__Exercise directions__. Reproduce the material that follows, please, but only from its first line to the line containing "Ferrari 365 GTB_4 'Daytona'", inclusive.

□ □ □ □ □ □ □

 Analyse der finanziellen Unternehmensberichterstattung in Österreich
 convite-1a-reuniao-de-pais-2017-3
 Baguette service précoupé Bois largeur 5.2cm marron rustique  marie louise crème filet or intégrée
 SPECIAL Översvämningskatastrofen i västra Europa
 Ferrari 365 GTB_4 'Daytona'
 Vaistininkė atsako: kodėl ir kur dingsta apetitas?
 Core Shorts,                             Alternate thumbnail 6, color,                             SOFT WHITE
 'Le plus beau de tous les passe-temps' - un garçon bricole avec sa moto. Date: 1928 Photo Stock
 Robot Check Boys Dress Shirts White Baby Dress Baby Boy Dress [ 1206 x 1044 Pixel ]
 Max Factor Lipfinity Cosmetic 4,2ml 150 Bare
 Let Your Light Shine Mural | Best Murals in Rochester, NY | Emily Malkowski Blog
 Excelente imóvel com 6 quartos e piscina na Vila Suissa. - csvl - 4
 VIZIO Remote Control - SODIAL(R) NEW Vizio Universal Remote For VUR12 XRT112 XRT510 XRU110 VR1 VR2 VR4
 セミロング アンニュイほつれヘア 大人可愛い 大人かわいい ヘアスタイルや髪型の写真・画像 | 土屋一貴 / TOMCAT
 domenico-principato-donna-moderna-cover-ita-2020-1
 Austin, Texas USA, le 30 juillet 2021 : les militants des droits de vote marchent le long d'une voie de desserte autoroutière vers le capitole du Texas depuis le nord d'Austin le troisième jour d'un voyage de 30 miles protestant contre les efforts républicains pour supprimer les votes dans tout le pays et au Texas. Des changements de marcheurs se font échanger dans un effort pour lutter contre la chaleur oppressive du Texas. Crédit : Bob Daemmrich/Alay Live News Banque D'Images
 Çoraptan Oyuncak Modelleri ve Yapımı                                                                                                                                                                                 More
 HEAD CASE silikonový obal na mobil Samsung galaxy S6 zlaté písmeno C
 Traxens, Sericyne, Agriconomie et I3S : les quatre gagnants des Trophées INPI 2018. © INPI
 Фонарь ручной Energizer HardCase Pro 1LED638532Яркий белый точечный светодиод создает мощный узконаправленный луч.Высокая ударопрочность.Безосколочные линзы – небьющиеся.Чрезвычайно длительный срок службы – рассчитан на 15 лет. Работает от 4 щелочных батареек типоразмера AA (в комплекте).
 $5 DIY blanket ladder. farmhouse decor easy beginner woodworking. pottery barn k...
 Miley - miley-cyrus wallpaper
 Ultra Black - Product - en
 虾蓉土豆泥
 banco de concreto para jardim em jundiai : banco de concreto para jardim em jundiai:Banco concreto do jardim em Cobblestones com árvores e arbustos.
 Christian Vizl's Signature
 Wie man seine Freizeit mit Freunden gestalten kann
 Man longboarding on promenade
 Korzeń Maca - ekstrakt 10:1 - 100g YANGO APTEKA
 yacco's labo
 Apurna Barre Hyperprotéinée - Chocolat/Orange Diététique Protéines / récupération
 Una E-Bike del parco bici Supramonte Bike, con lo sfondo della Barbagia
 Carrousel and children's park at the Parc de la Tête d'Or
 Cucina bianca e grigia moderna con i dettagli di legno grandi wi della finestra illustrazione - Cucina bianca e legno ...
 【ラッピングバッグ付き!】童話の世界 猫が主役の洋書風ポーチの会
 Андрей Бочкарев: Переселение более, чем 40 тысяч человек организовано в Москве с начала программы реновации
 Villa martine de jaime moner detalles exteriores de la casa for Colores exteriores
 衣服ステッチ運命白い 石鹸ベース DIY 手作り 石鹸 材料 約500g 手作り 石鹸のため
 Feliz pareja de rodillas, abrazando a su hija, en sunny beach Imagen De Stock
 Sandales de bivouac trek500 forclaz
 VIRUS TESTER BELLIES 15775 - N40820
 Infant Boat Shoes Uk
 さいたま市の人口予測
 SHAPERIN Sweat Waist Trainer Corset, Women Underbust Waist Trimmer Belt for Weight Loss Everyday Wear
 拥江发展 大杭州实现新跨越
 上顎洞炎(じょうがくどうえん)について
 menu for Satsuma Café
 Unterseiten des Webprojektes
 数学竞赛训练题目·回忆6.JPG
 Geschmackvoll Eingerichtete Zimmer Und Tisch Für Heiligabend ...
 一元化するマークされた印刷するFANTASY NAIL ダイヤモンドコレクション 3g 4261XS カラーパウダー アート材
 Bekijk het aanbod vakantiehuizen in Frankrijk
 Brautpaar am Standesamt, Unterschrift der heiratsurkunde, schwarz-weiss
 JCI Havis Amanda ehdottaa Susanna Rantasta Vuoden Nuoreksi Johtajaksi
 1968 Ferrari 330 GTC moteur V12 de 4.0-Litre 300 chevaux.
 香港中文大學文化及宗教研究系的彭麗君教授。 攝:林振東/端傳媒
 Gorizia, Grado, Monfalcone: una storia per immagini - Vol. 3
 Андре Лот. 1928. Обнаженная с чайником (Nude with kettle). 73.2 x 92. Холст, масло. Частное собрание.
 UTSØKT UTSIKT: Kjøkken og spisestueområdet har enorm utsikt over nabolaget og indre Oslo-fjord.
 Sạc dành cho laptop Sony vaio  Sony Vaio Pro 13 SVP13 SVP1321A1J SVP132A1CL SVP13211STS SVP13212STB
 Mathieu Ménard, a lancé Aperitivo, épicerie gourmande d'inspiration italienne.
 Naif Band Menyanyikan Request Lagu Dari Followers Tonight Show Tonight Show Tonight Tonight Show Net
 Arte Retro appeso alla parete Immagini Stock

□ □ □ □ □ □ □

__Result of this task__.
 Analyse der finanziellen Unternehmensberichterstattung in Österreich
 convite-1a-reuniao-de-pais-2017-3
 Baguette service précoupé Bois largeur 5.2cm marron rustique  marie louise crème filet or intégrée
 SPECIAL Översvämningskatastrofen i västra Europa
 Ferrari 365 GTB_4 'Daytona'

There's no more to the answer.